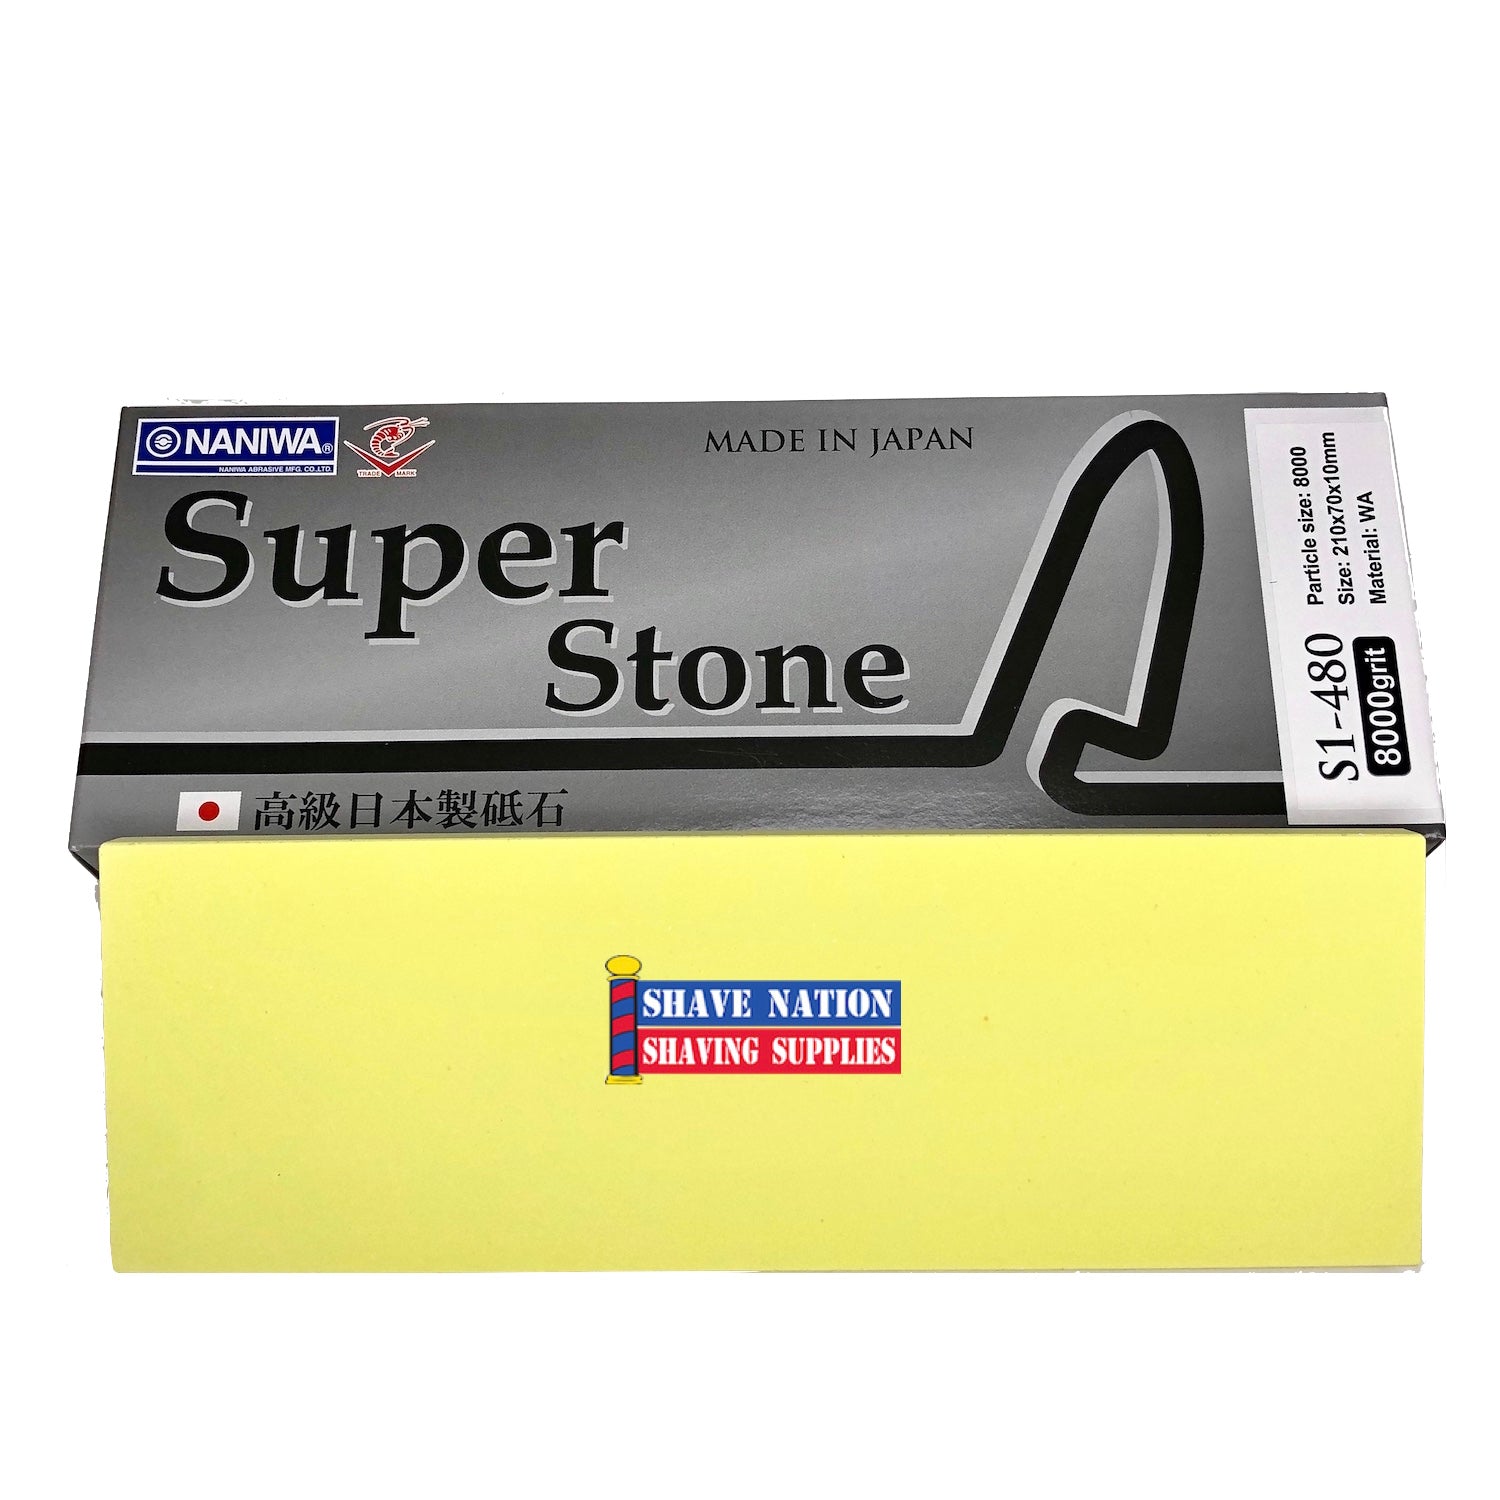 Naniwa 8,000 Grit Super Stone S1-480
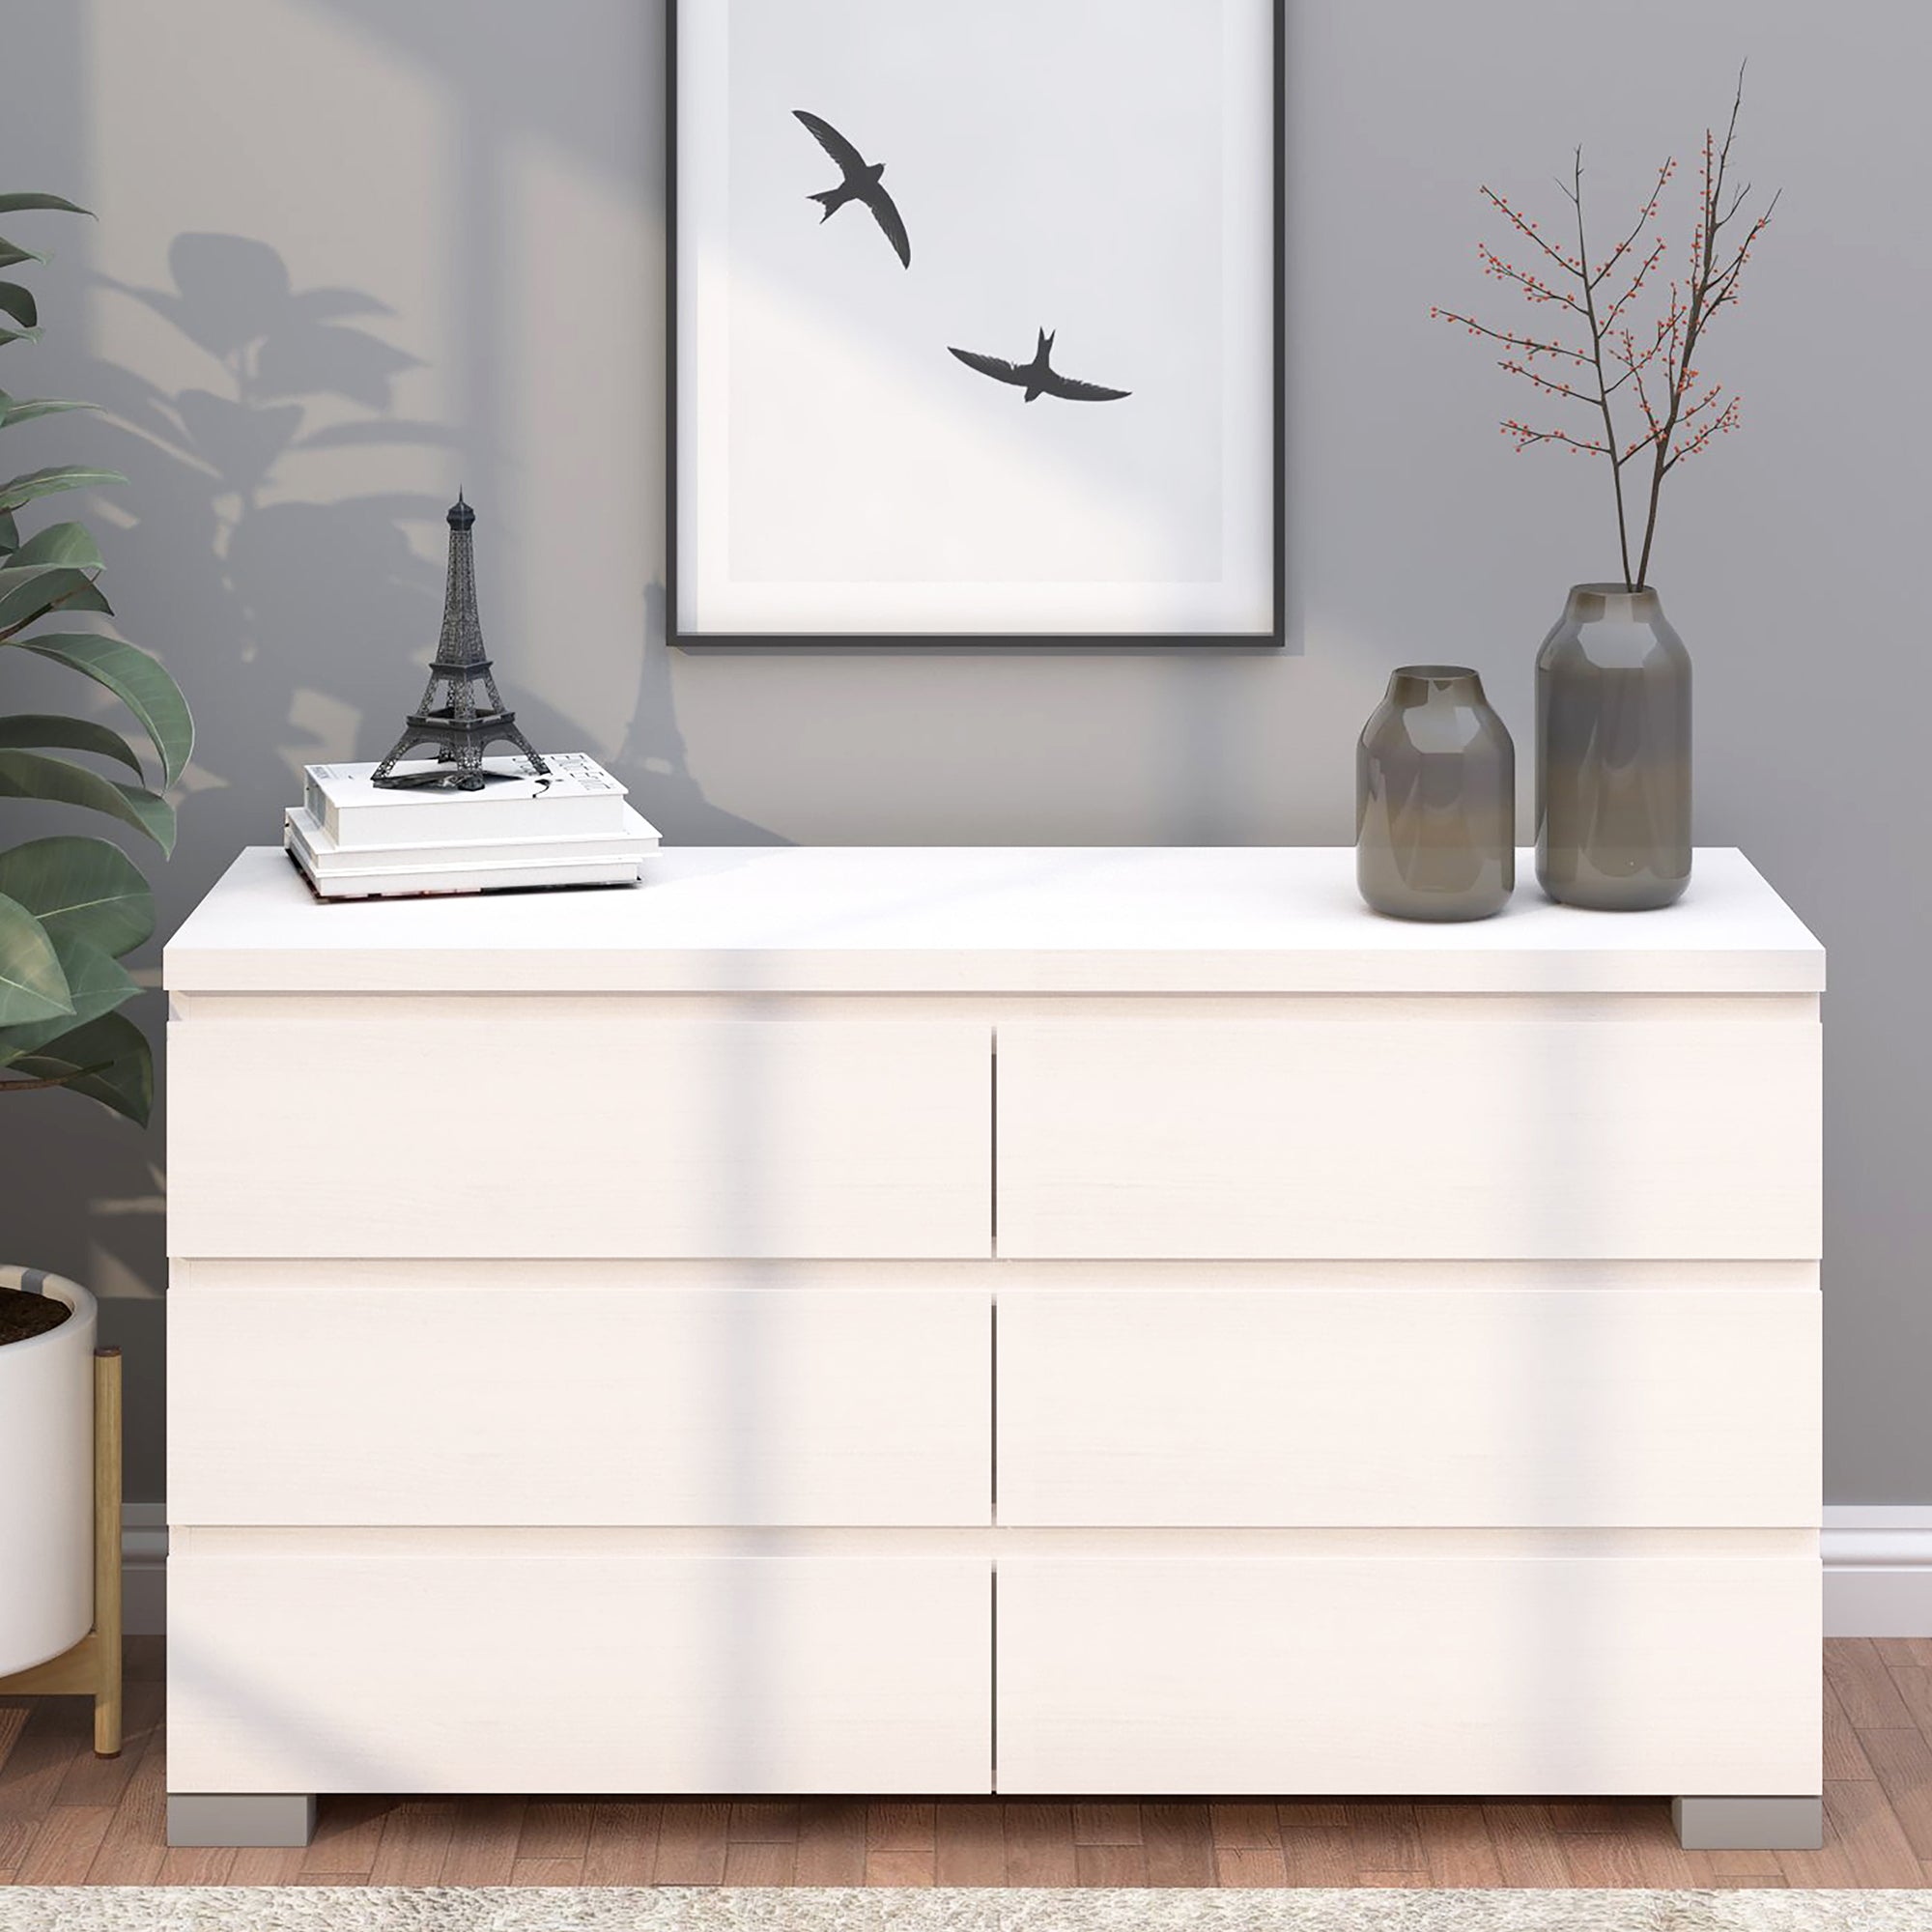 Elara Modern 6 Drawer Dresser: Stylish Storage for Your Bedroom
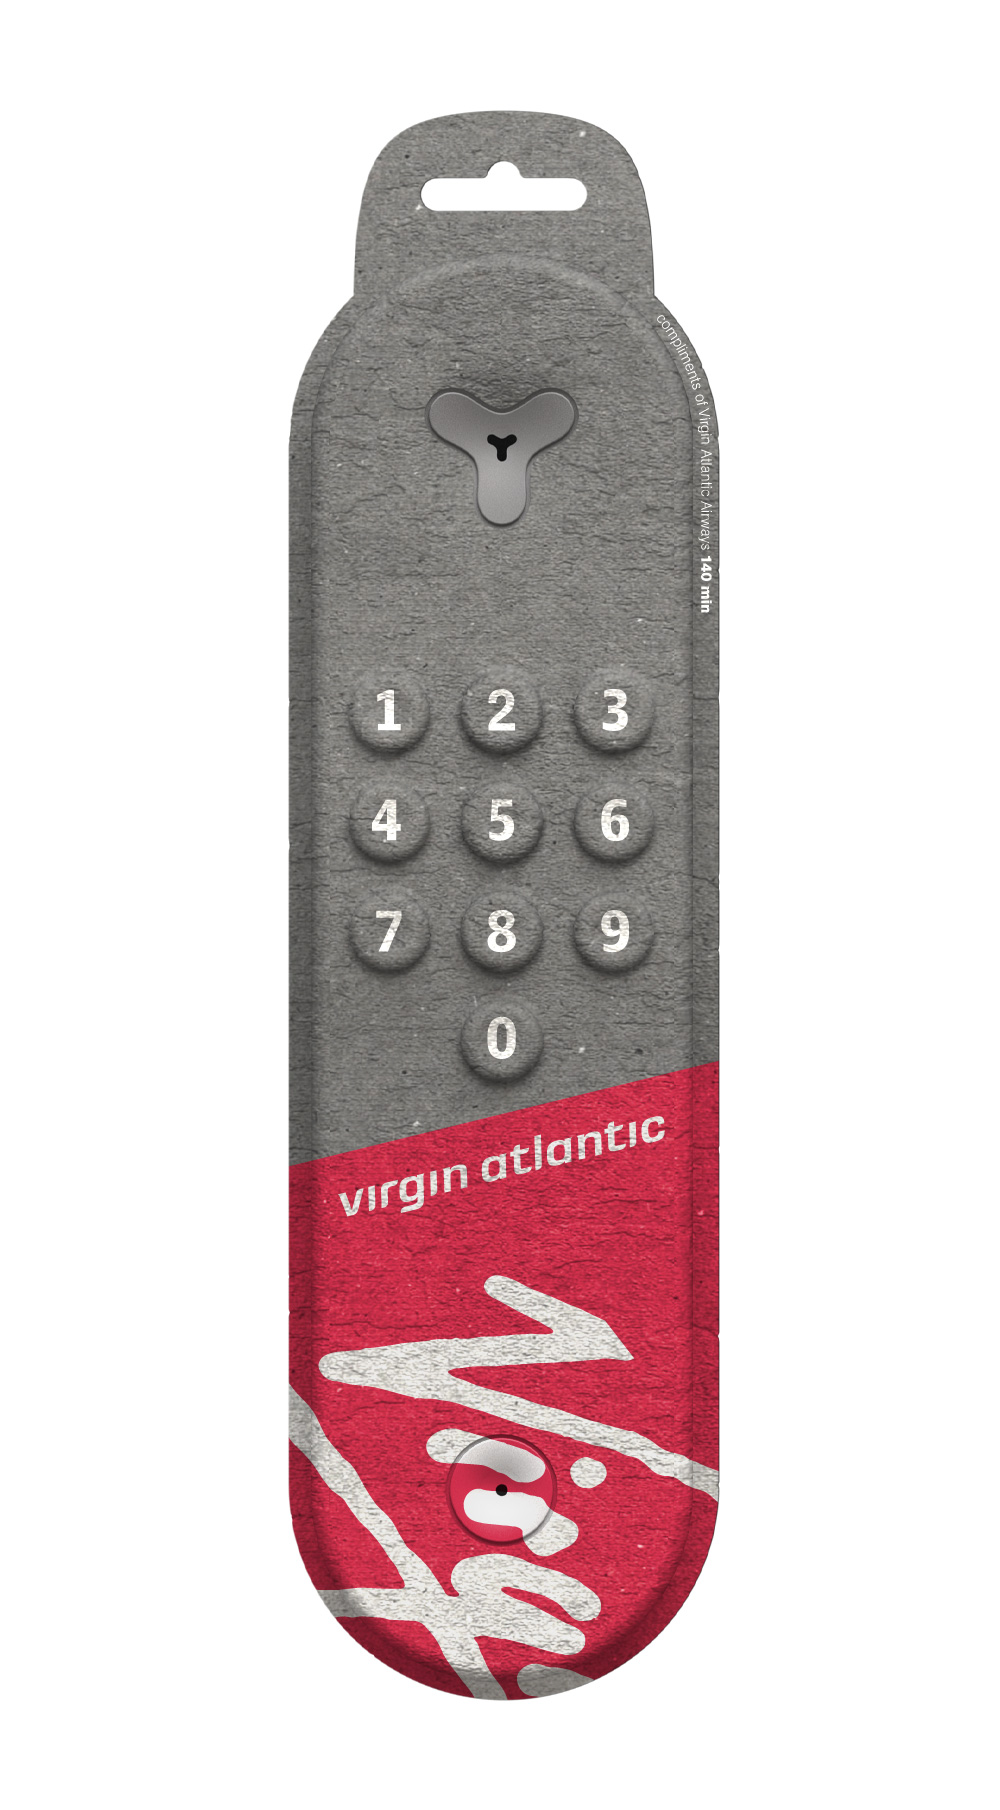 Pulp Phone | Front View | Virgin Atlantic
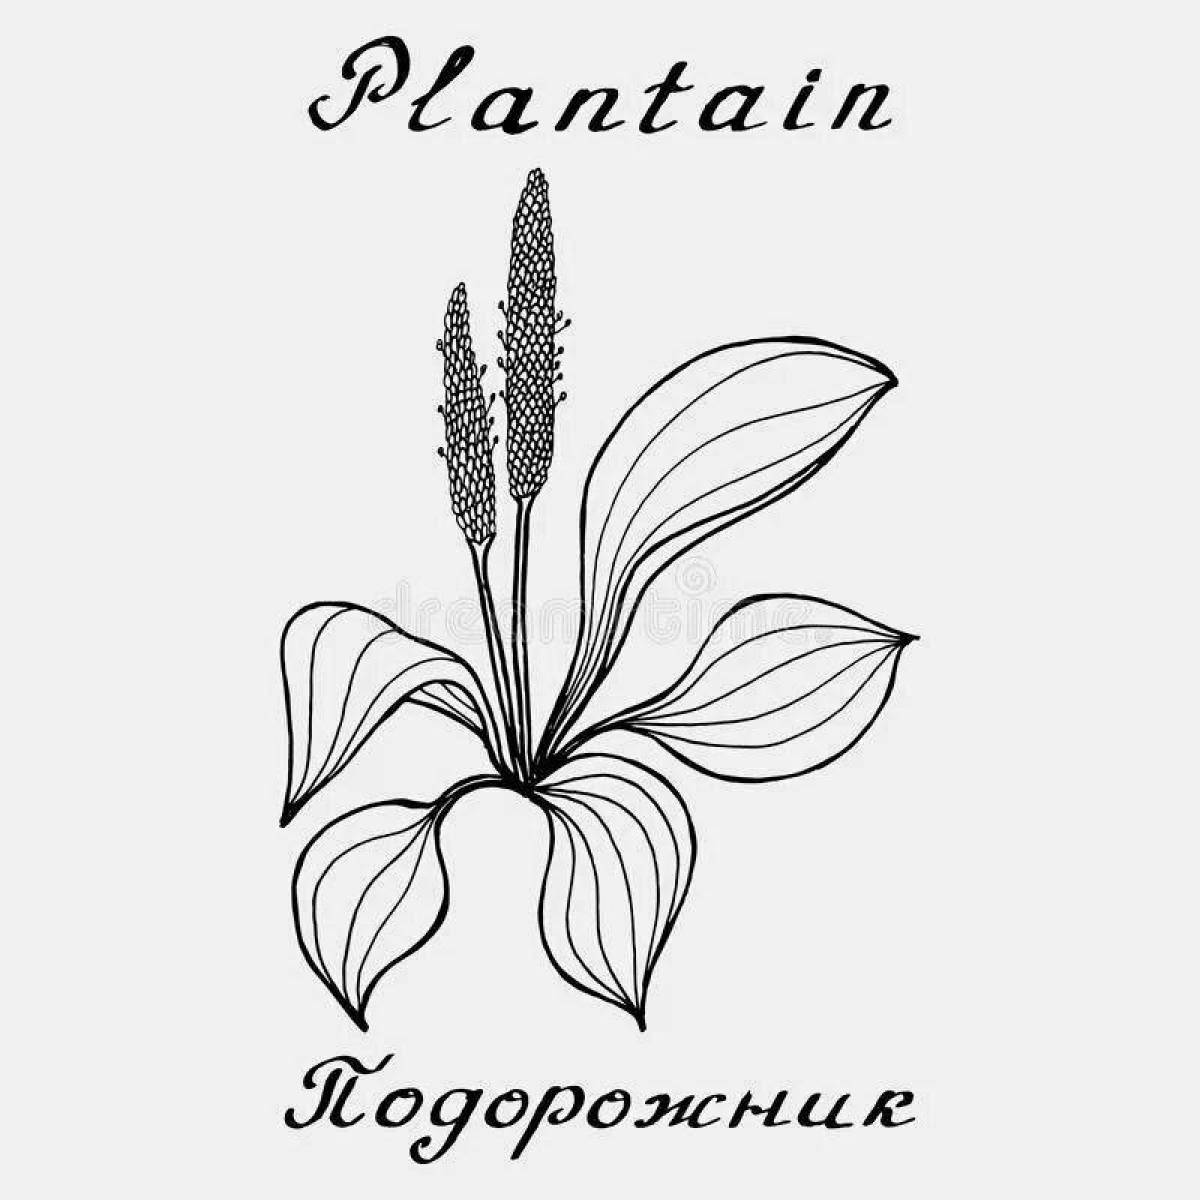 Plantain #12

· · ·

Task item >>
The answer must be an exact copy of the lines from the one that holds "Pulp Phone | Front View | Virgin Atlantic" through the end of the data, both included, with no pictures.

Expected answer >>
 Pulp Phone | Front View | Virgin Atlantic
 Plantain #12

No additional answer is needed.